Katy went wild taking pictures, we finally had to tell her to sit down and enjoy, since it was in her honor, before she left for a year. 

It was quite fun. The only sad thing is, I thought maybe after I get some scones, my craving for them would diminish. It might have if Carmel hadn't been such a good cook.


Saturday, May 18, 2013

Of Freezer Paper and . . . . Mother's Day!

For years I have seen awesome stenciling on t-shirts, pillows, etc. and read these blog posts about how the people used freezer paper to do it. I wished I could do the same, but was terrified I'd mess up horrendously and waste a bunch of money. I finally tried it, and . . . Oh My Word. It is so fun and easy and awesome. I want to do everything in sight. In the last two weeks I've done 3 shirts for Adeline, a pillow for my mom (mother's day) and have the stencils cut out for three more pillows. 

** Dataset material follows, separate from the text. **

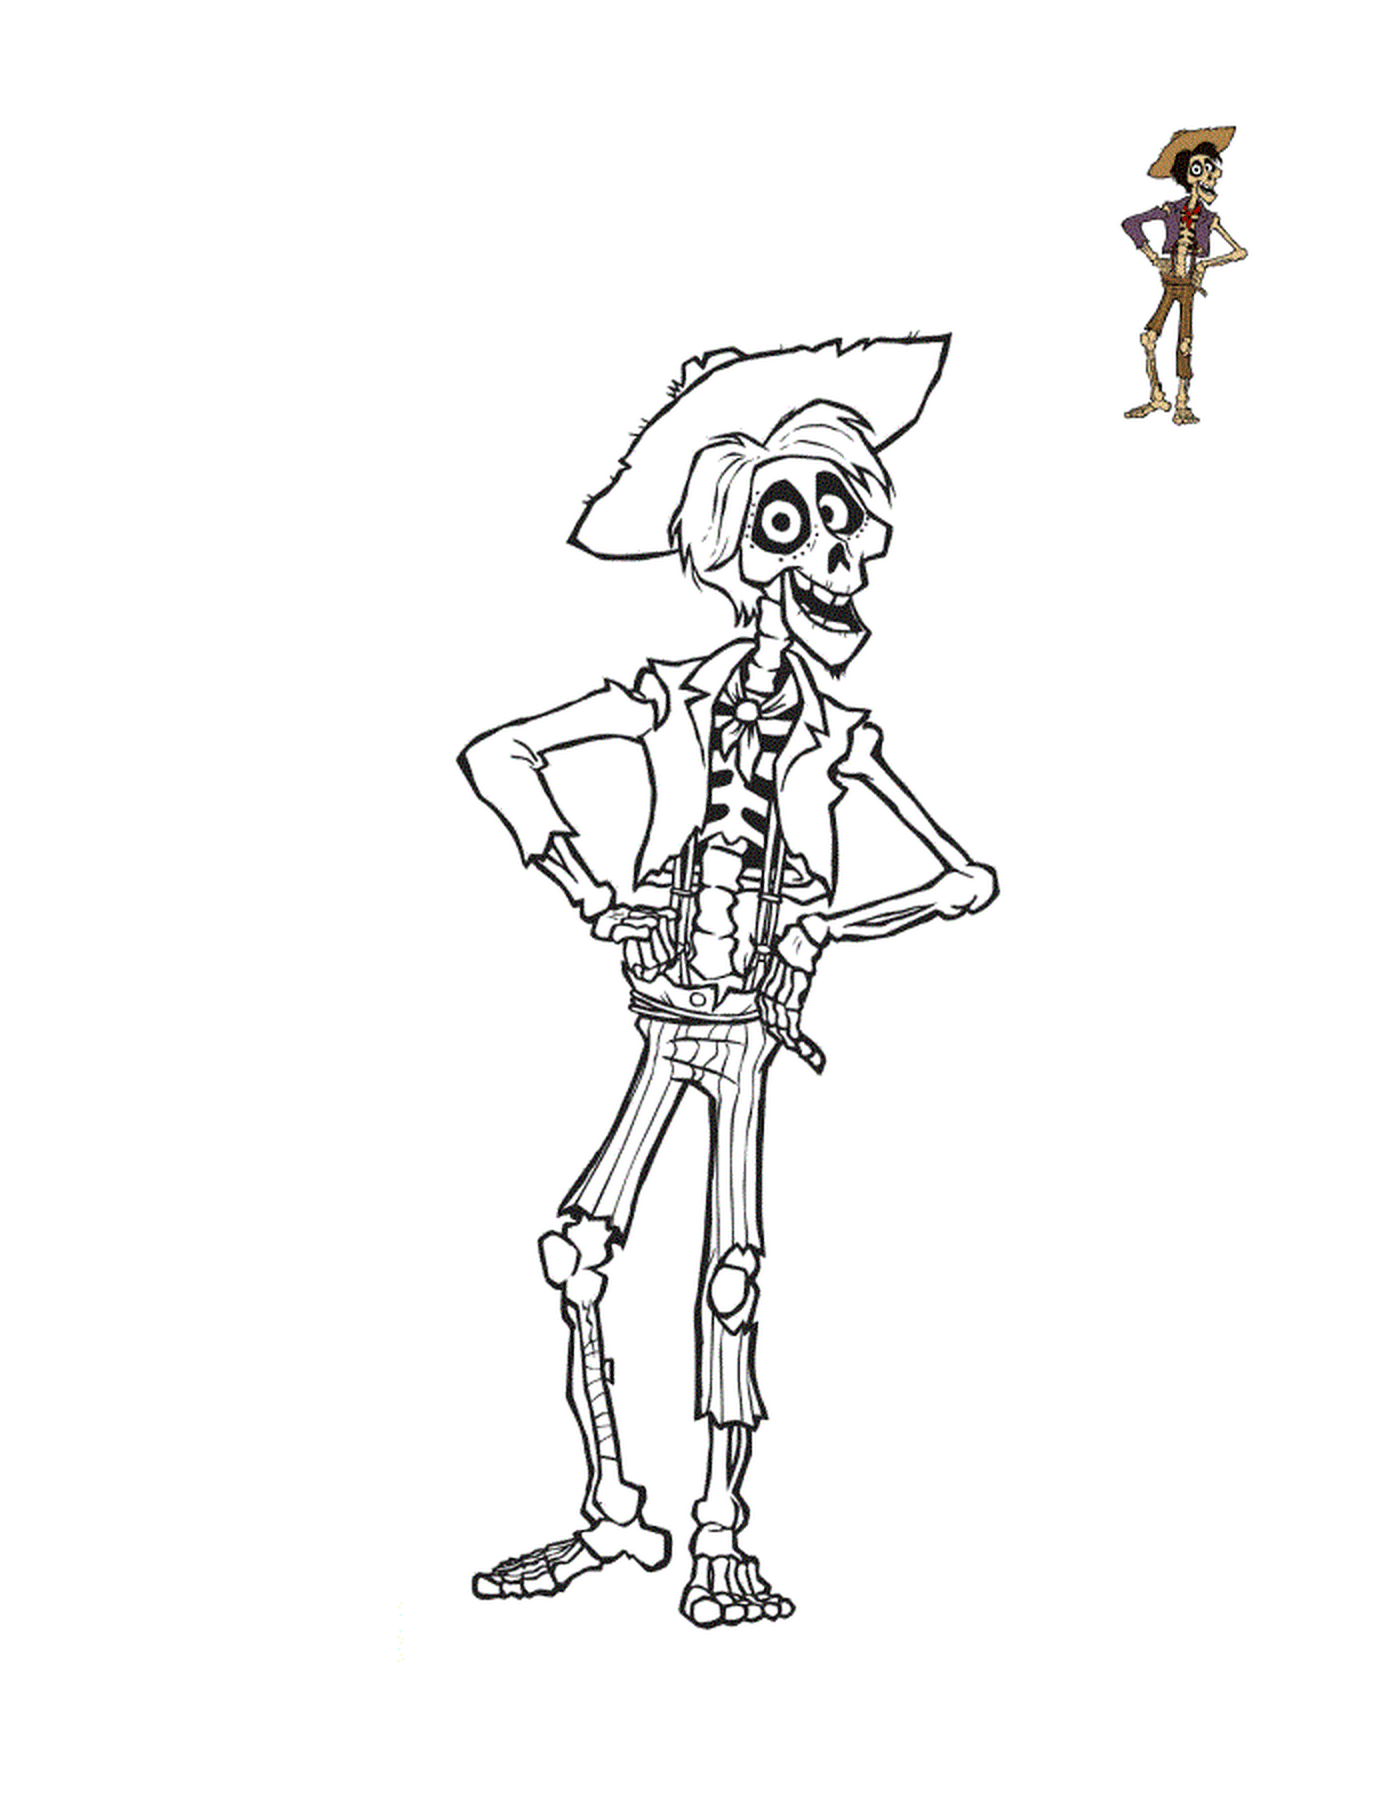  Hector, ein schlankes Skelett mit schwarzem Haar und einer Barbicchette, und magenta Augen

Yes, she's a girl, but Adeline thinks Dinosaurs are the coolest.
 
Georgia

I wanted a VW van, but she thought a bug was better. 

Pillow for Mama with her children's initials and birthdates + her's and Daddy's initials.
Mother's day gift.

How To: 
I tried printing on the freezer paper directly, but the printer doesn't want to grab it. The only way I could do that right was by taping the freezer paper to a regular sheet. Annoying. So I just printed on regular paper, laid it underneath a sheet of freezer paper and cut it out with a scrapbooking knife. It takes a while, but is worth the effort.
 
Stegosaurus. I downloaded it from www.heatherinks.com    

Next, iron the stencil onto your fabric. 

 I used a sponge brush and shiny fabric paint. I was worried that the paint would actually be shiny, but since I brushed it on instead of squeezing it on (as i think you are supposed to do) it wasn't shiny at all.  

All painted and waiting to dry. With this shirt, I didn't let it dry very long, with some of the other stencils, I waited to take it off until it was dry to the touch. The paint tends to hold the paper if you do that, but if you take it off before it's dry I suppose there is always a chance of the paint smearing. Up to you.

After painting, follow the instructions for drying, washing, etc that is on the paint bottle. Mine said let dry flat for four hours, can wash inside out after 72. 

Adeline and I on Mother's Day. She is growing up so terribly fast and I love her so much.